All of the listing is to be written out word for word, with the pictures left out.
───── The data ─────
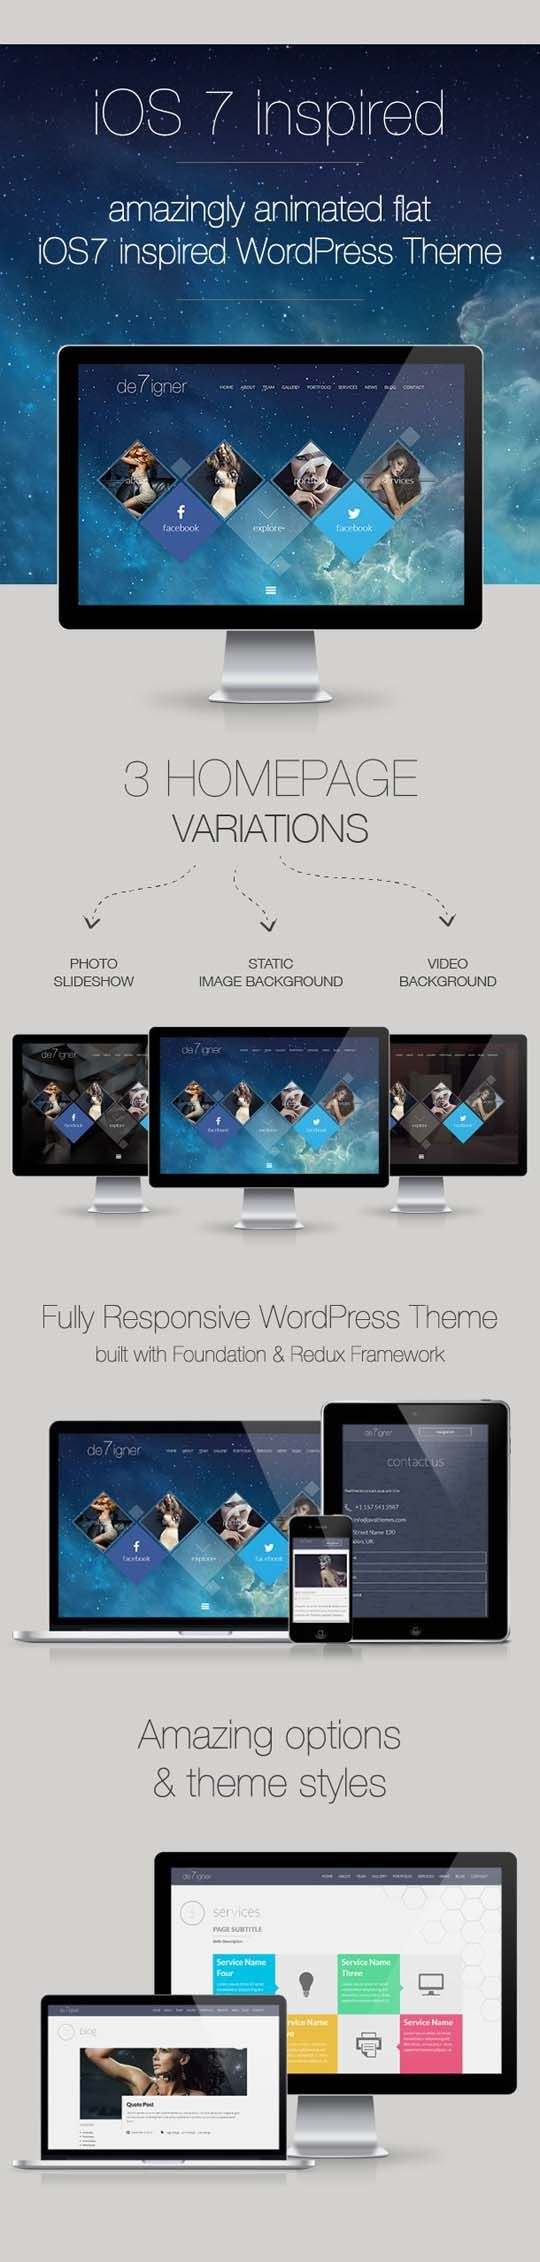 De7igner – Flat iOS7 Inspired OnePage Parallax Theme
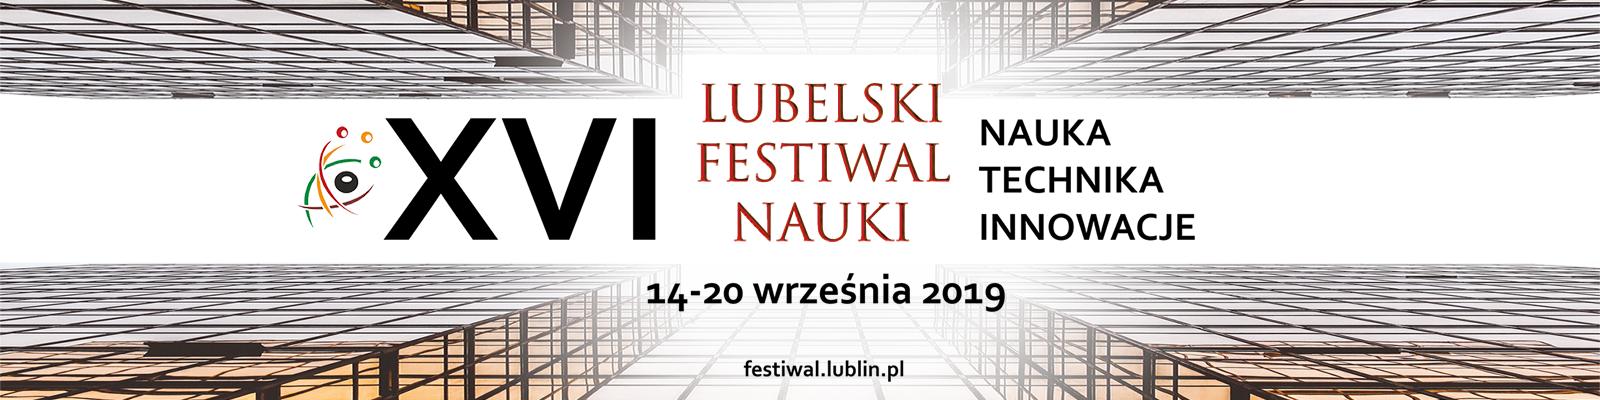 XVI Lubelski Festiwal Nauki (14-20.09.)
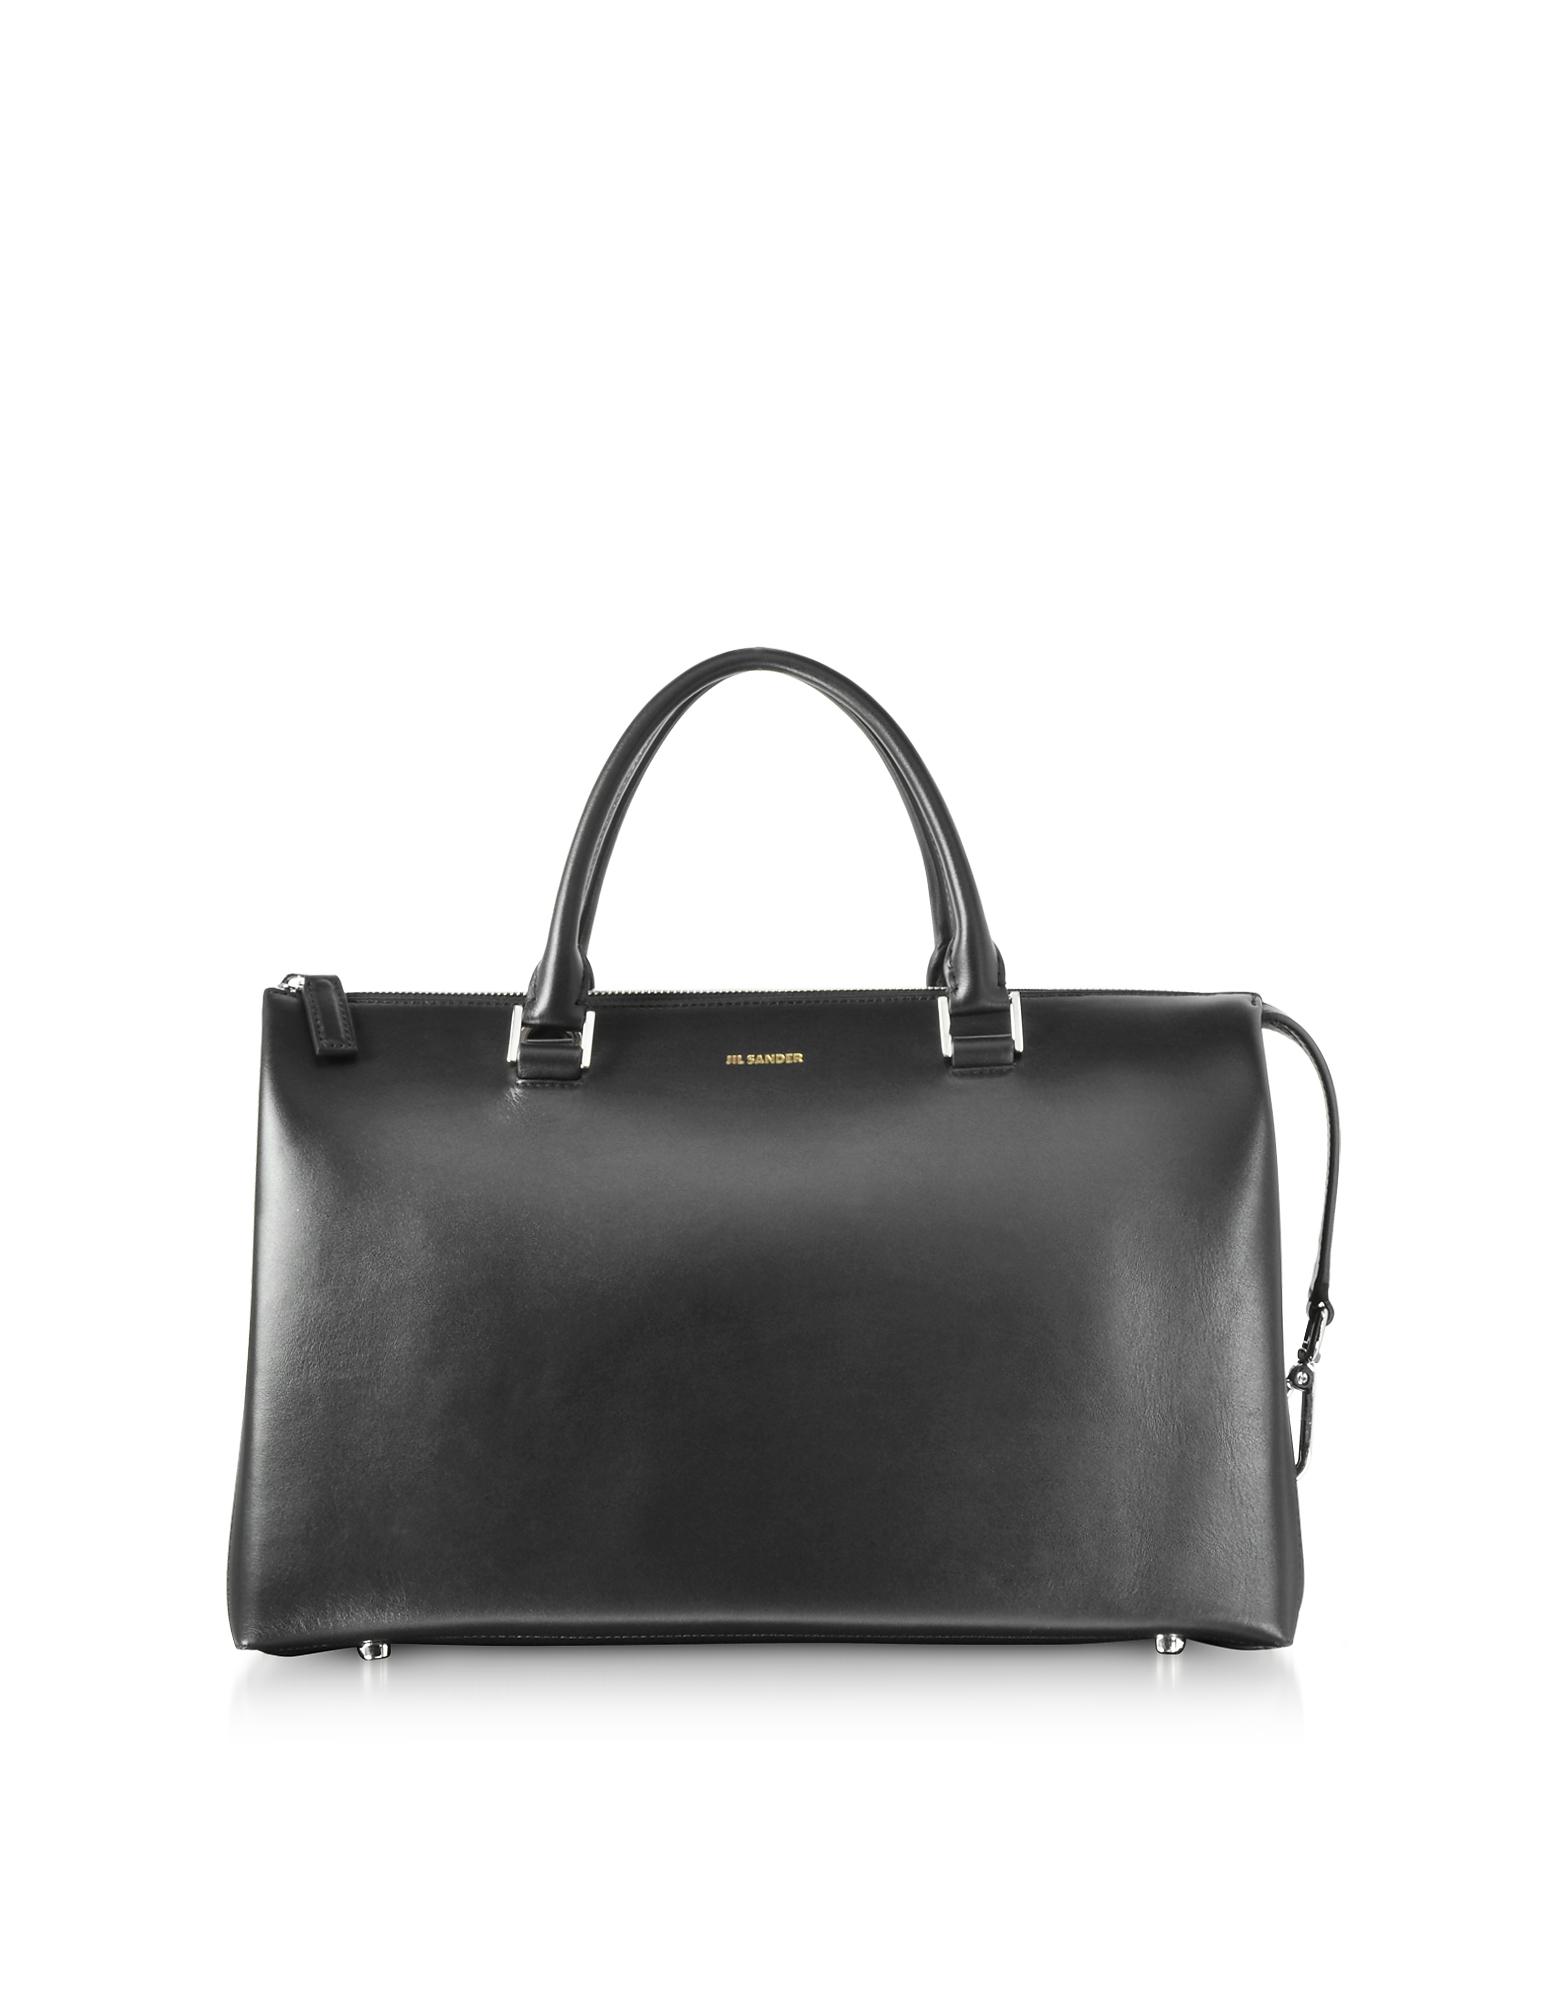 Jil Sander Handbags, Open Miscellaneous Leather Satchel Bag
─────
> _Response box_
 De7igner – Flat iOS7 Inspired OnePage Parallax Theme
 XVI Lubelski Festiwal Nauki (14-20.09.)
 Jil Sander Handbags, Open Miscellaneous Leather Satchel Bag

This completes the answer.